A lot of new voices from across the world are coming to play big parts in shaping modern surf culture and the fashion that goes with it. From the old breaks in Australia where, as we saw in the last blog, Girl Surf Network is telling the world that skill matters more than looks or money in surfing. To new frontiers in China, where the national culture is bringing a whole new aesthetic into surfing.
It seems more than a little unusual that surfing has only just caught on in China, the country with one of the longest coastlines in the world. However many of China's people have only recently begun to enjoy the luxury of free time and wealth thanks to their economic boom. Like everyone else It hasn't taken them long to look for things to do in their free time and bits and bobs to spend their money on and, like the Americans, Australians and Europeans before them it didn't take long to turn to the wonders of the swell.
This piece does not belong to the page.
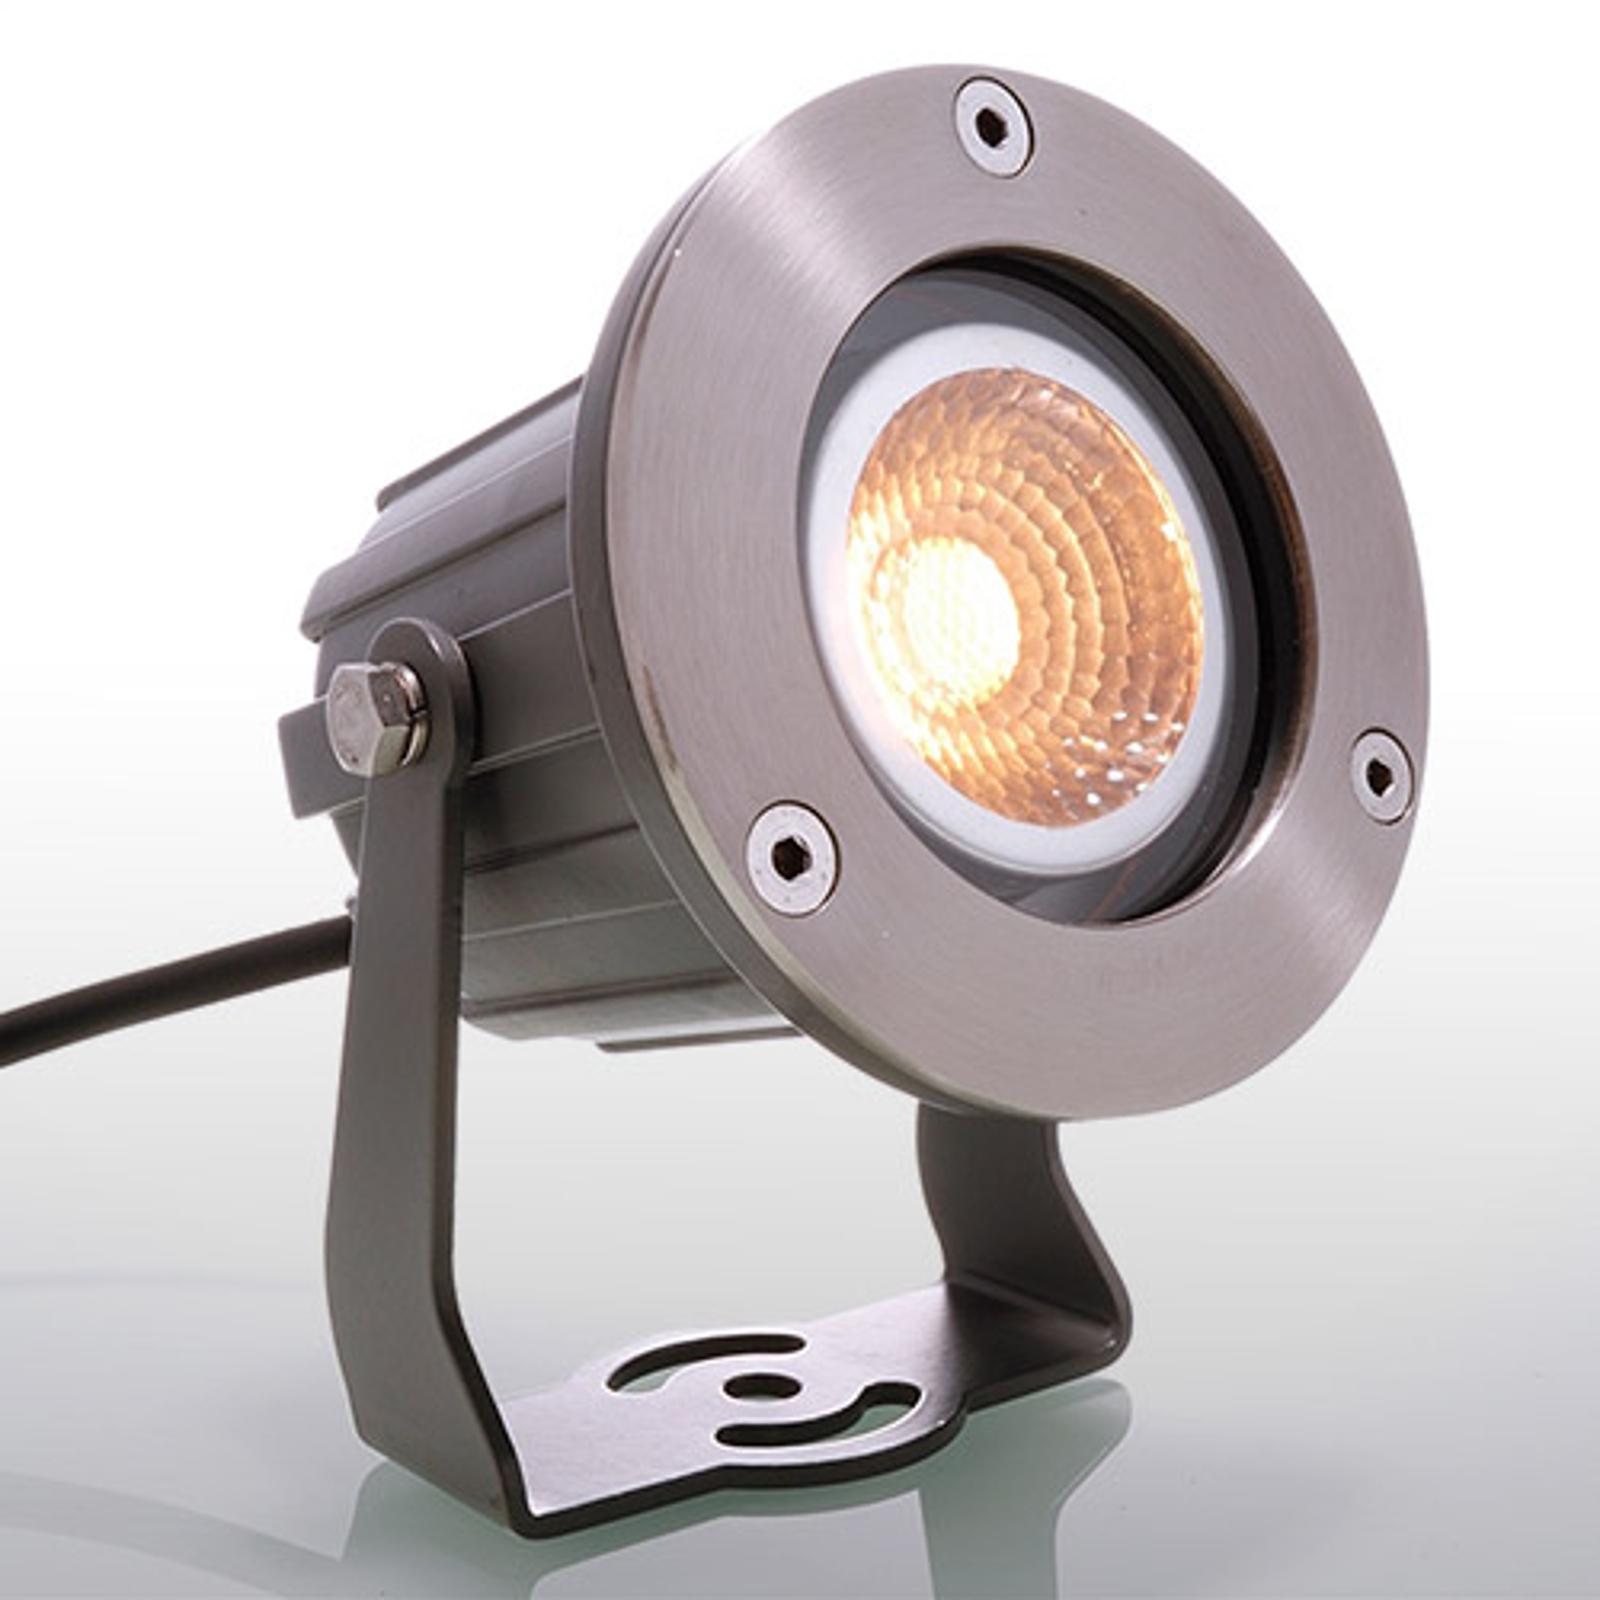 Power-LED-spot Cob för utomhusbruk
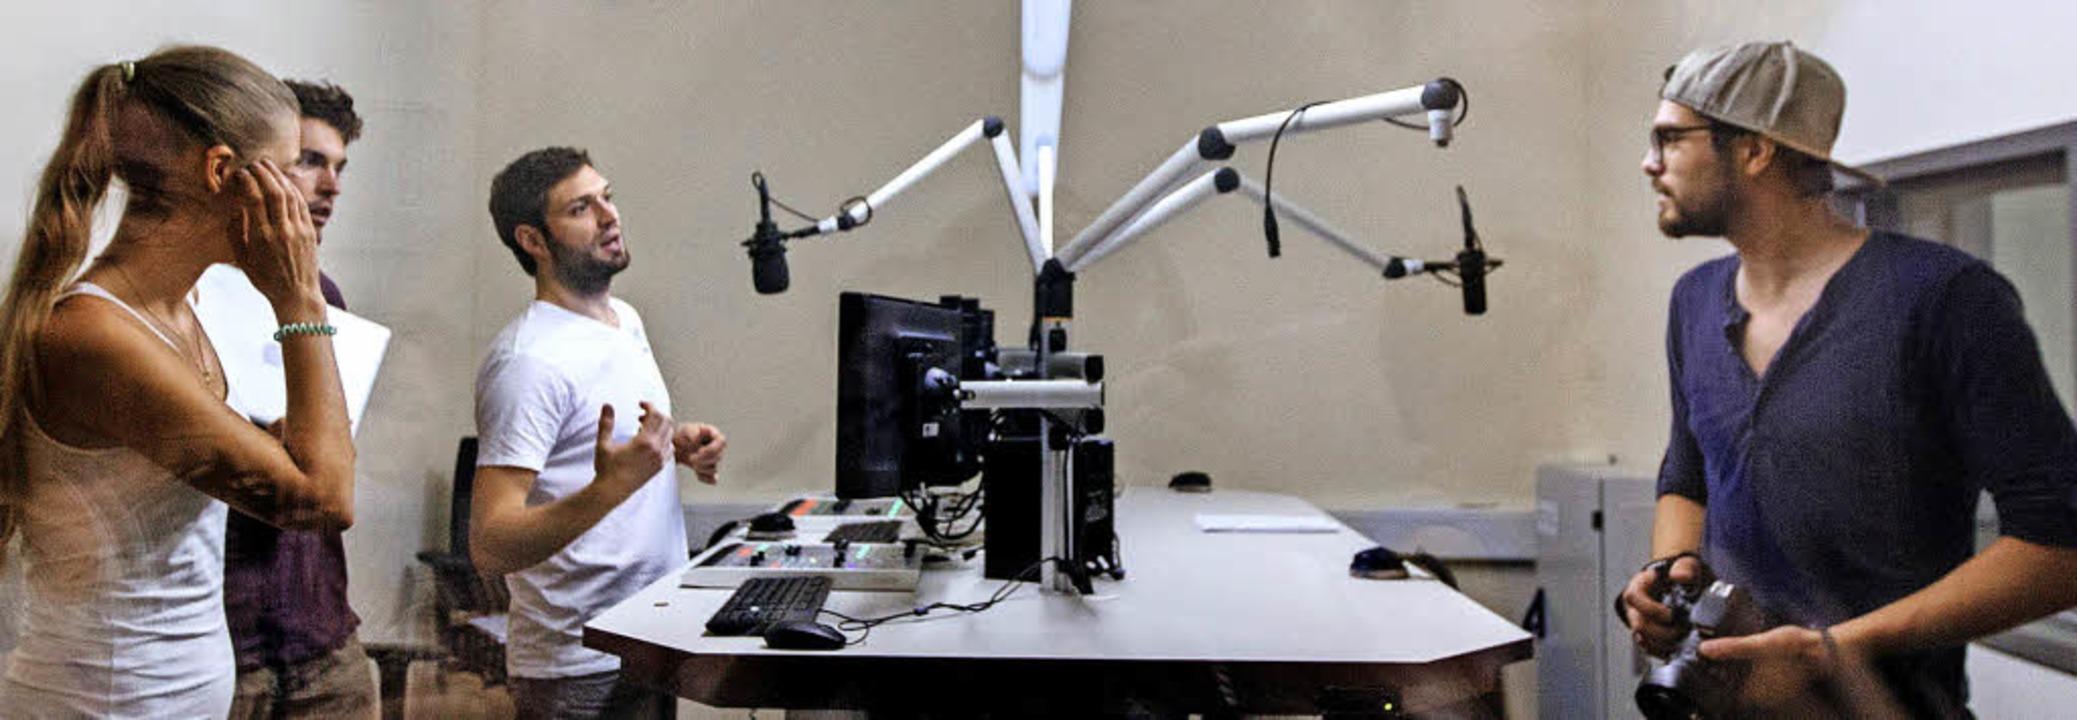 Auch das gibt's in der neuen UB:...de im Radiostudio des Medienzentrums.   | Foto: Uni Freiburg, Thomas Kunz (2)

Most of the praise for launching the emerging surf scene in China ought to go to an American called Brendan Sheridan who is currently engaged in his own mission to bring the sport to China. Thanks to him surfers around the world can reach the Chinese breaks while budding wave riders from China can sample the wonders of the world's best sport.
With his help, and some negotiation with the all-encompassing government, designers have entered the Chinese market. Surfwear mixing the bright colours and groovy design of surf style with the stylistic language and strong tones of Chinese culture was the inevitable next step in the booming economy's love affair with surfing. Perhaps it's fate, after all the two traditions share a lot in the way of stylistic inspirations: The love of delicately coloured flowers in Chinese fashion is something that any vintage surf lover will be familiar with, not to mention the bright, bold colours being paraded on Beijing's finest catwalks almost as they are Queensland's finest beaches.
The big names are getting in on the act, rapidly signing on as sponsors of the new and increasingly popular Hainan Open at the Chinese home of surfing. It shouldn't be hard to meet the new demand for boardies and rash vests locally though as the familiar "made in China" slogan is as widespread in surfing as it is in any other area of life. The wholesalers will be more than happy to sell their products in China for a fatter slice of the profits, who knows what they might produce.
Surely the presence of the world's most populous nation will mean a whole new era for surfwear, with bold reds and stylised lettering galore. We'll just have to wait and see.